Back to the question, what kind of mechanism is OOM killer in Linux? When will it jump out and choose those processes to start.

When do I jump out?

First, let's look at the first question. When will it jump out. Does it jump out when malloc returns NULL? No, there is a paragraph in the manpage of malloc:

By default, Linux follows an optimistic memory allocation strategy.
This means that when malloc () returns non-null there is no guarantee
That the memory really is available. This is a really bad bug. In
Case it turns out that the system is out of memory, one or more processes
Will be killed by the infamous OOM killer. In case Linux is
Employed under circumstances where it wocould be less desirable to suddenly
Lose some randomly picked processes, and moreover the kernel version
Is sufficiently recent, one can switch off this overcommitting
Behavior using a command like:

# Echo 2>/proc/sys/Vm/overcommit_memory

The above section tells us that the non-null pointer returned by malloc in Linux does not necessarily mean that the memory to be pointed to is available. In Linux, the program can apply for more memory than the available system memory, this feature is called overcommit. This is to optimize the system, because not all programs apply for memory and use it immediately. When you use it, the system may have recycled some resources. Unfortunately, when you use the overcommit for your memory and the system has no resources, oom killer jumps out.

There are three overcommit policies in Linux (refer to the kernel documentation: Vm/overcommit-accounting), which can be configured in/proc/sys/Vm/overcommit_memory. Take values 0, 1 and 2. The default value is 0.

0: heuristic strategy. A serious overcommit will not be able to succeed. For example, you suddenly applied for TB of memory. A slight overcommit will be allowed. In addition, the value of root overcommit is slightly higher than that of normal users.
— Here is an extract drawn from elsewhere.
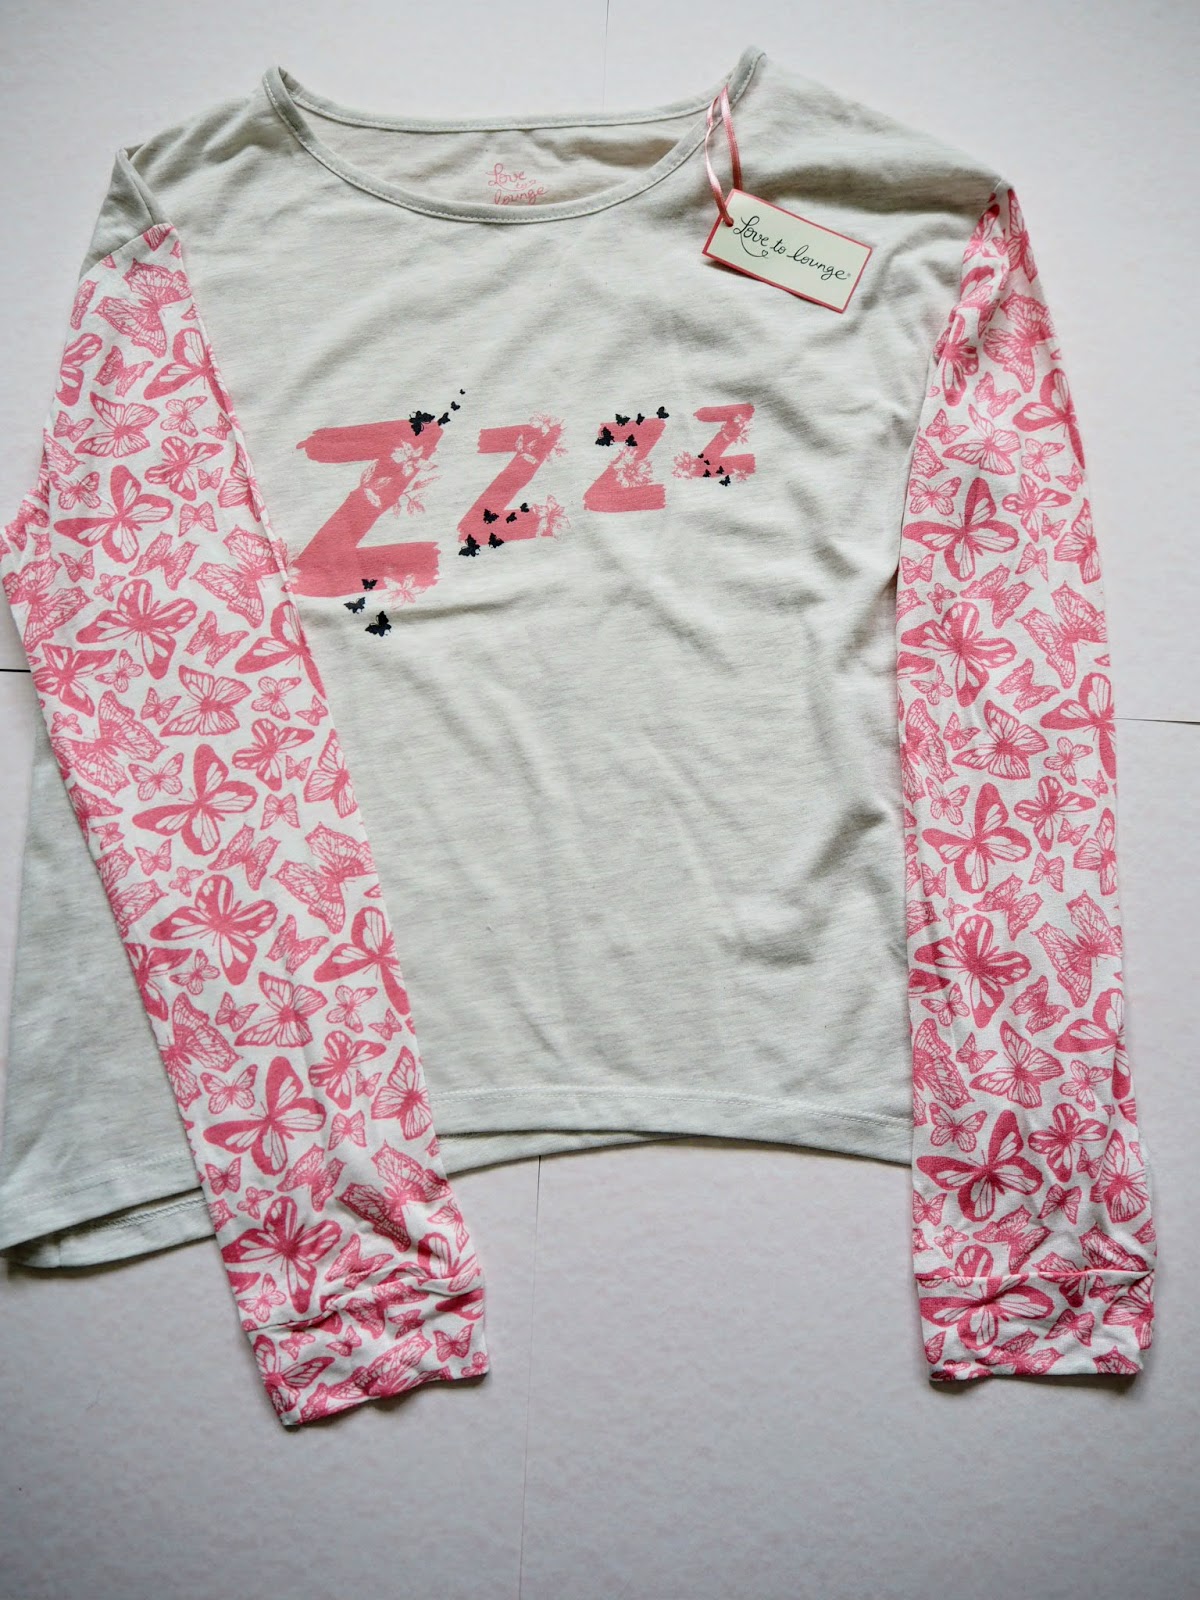 Primark Pink Butterfly Pyjama Top The Best Version of Kelly

1: Always allow overcommit. This policy is suitable for applications that cannot withstand memory allocation failures, such as some scientific computing applications.

2: overcommit is always disabled. In this case, the memory allocated by the system will not exceed the swap + Ram * coefficient (/proc/sys/Vm/overcmit_ratio, 50% by default, you can adjust). If so many resources are used up, any subsequent attempt to apply for memory will return an error, which usually means no new programs can be run at this time.

Supplement (to be verified): In this article: Memory overcommit in Linux, the author mentioned that the heuristic policy takes effect only when the smack or SELinux module is enabled, in other cases, the policy is always allowed.

Select the process policy after jumping out.

Well, as long as overcommit exists, oom killer may jump out. So what is the target selection policy after OOM killer jumps out? What we expect is that useless and memory-consuming programs are shot.

In Linux, this selection policy is constantly evolving. As a user, we can set some values to influence OOM killer's decision-making. In Linux, each process has an OOM weight./Proc/<Pid>In/oom_adj, the values are-17 to + 15. The higher the value, the easier it is to be killed.

Oom killer eventually passes/Proc/<Pid>/Oom_score to determine which process is killed. This value includes the memory consumption, CPU time (utime + stime), survival time (uptime-start time), andThe more memory consumption, the higher the score, the lower the survival time. In short, the general strategy is: the minimum loss of work, the maximum amount of memory released at the same time does not hurt the innocent use of a large memory of the process, and the number of killed processes as few as possible.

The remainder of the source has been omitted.